Volkswagen‘s plan to triple its U.S. sales by 2018 and return to profitability after 8 consecutive years of losses may need to be revised suggests a new report by Automotive News. VW’s already lofty goals may now have become further out of reach with the recent news that the head of U.S. operations, Stefan Jacoby, has left the automaker to take the helm of Volvo.
Today Volkswagen CEO Dr. Martin Wintercon will announce detailed plans on how he still intents to achieve his goals, although we’re not expected to learn much, if anything, new, as the German automaker’s plans are already in motion.
With the launch of the new 2011 Jetta, VW announced pricing that is more in line with competitors, ending its premium pricing in the U.S. According to VW’s interim chief, Mark Barnes, the automaker expects big results from the new Jetta. “The new Jetta will be a very nice volume product for us,” said Barnes. “The goal is to bring the masses to Volkswagen who currently believe they cannot afford a Volkswagen.”
To follow the Jetta will come an all-new mid-size sedan, replacing the current Passat and VW has high hopes for this car as well. Critics aren’t as optimistic. Anil Valsan, director of automotive research at Frost & Sullivan in London, commented to AutoNews that, “I doubt that the new sedan by itself will suffice to propel their U.S. business.”
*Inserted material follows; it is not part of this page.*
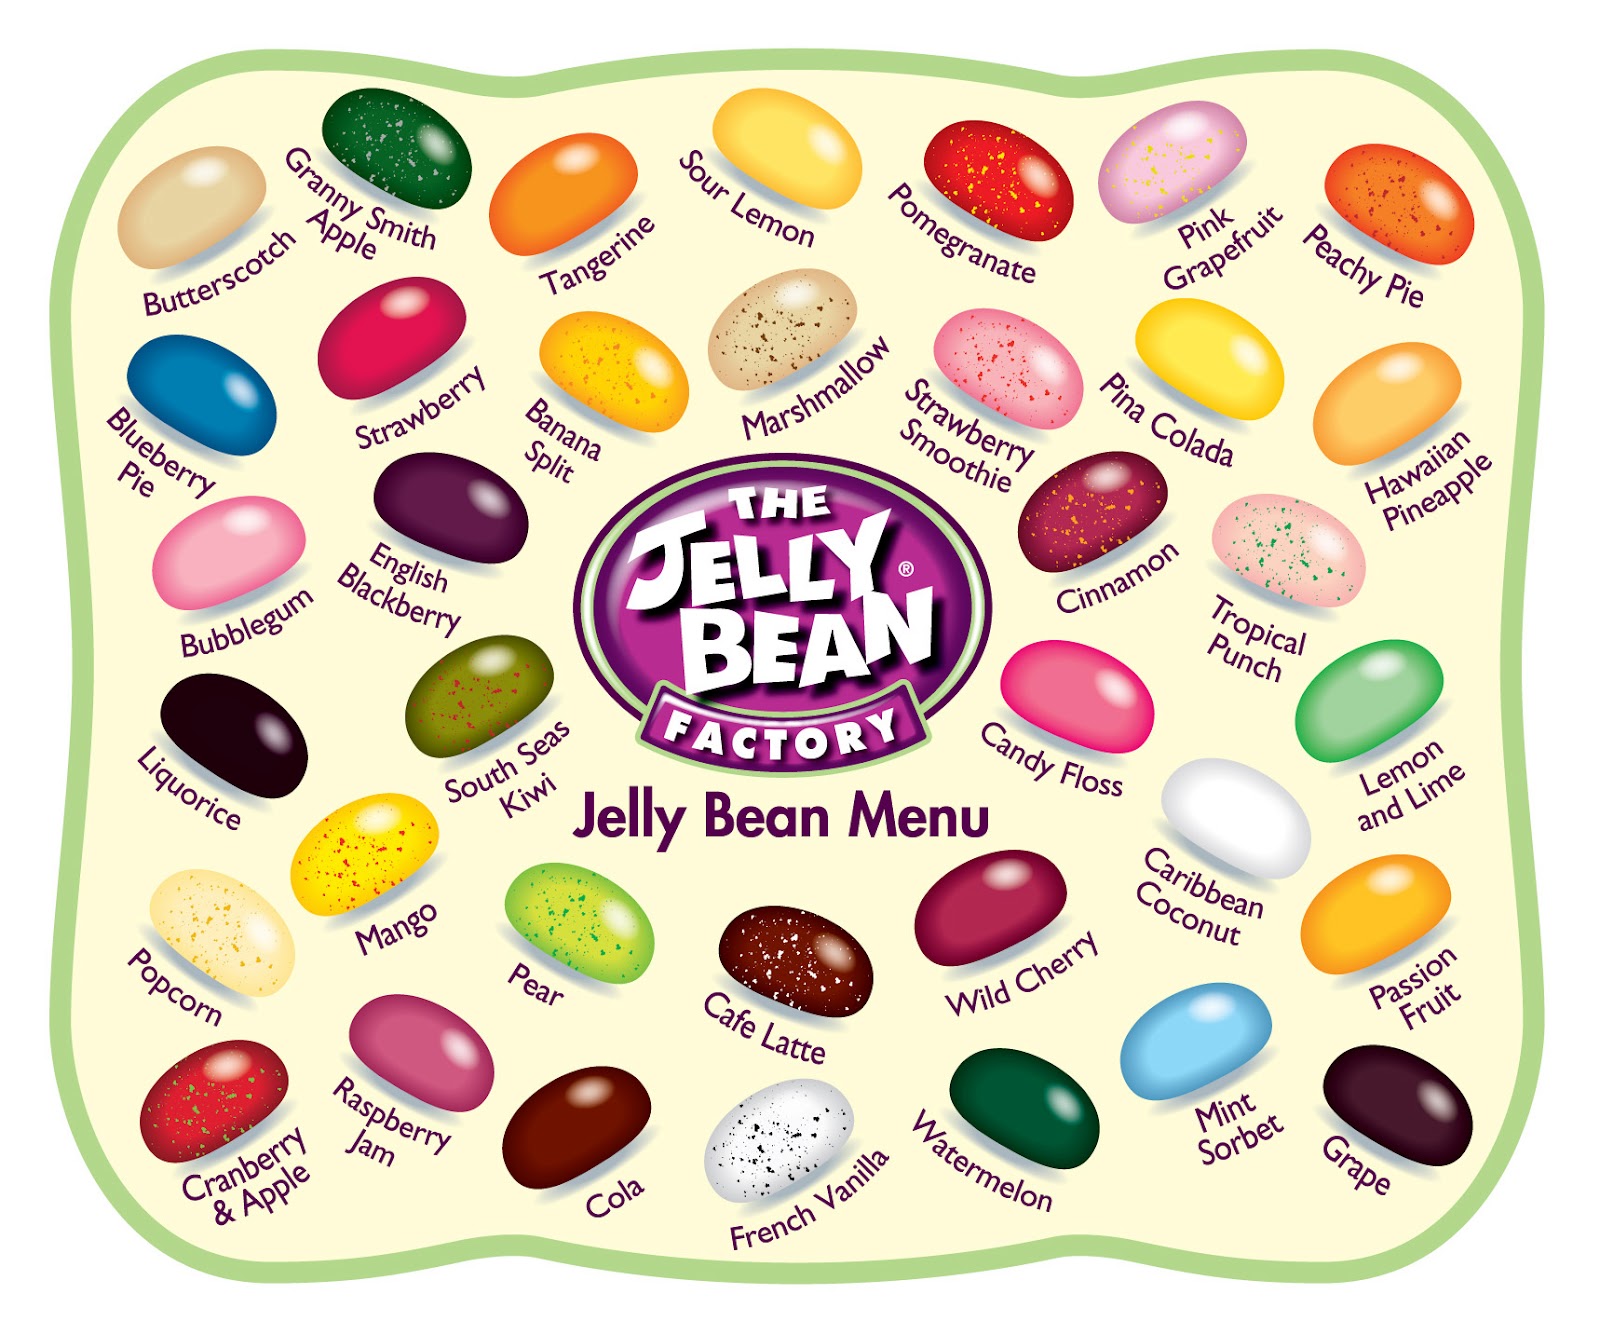 Jelly bean onlyfans. Джелли Белли вкусы. Конфеты Джелли Белли вкусы. Джелли Бин вкусы. The Jelly Bean Factory 36 вкусов.

Still, Barnes says the company is on target to reach its sales goals and return to profitability by 2012 or 2013. Helping to do this is the fact that the U.S.-spec Jetta is less sophisticated (and therefore less expensive to build) than the European model. As well, the upcoming Passat-replacement will be built in the U.S. in a bid to save on production costs.
It would seem that for VW to succeed it will need added products in the U.S. marketplace. However, it’s still not clear if VW’s U.S. plan will include a version of the new Polo in the growing sub-compact segment.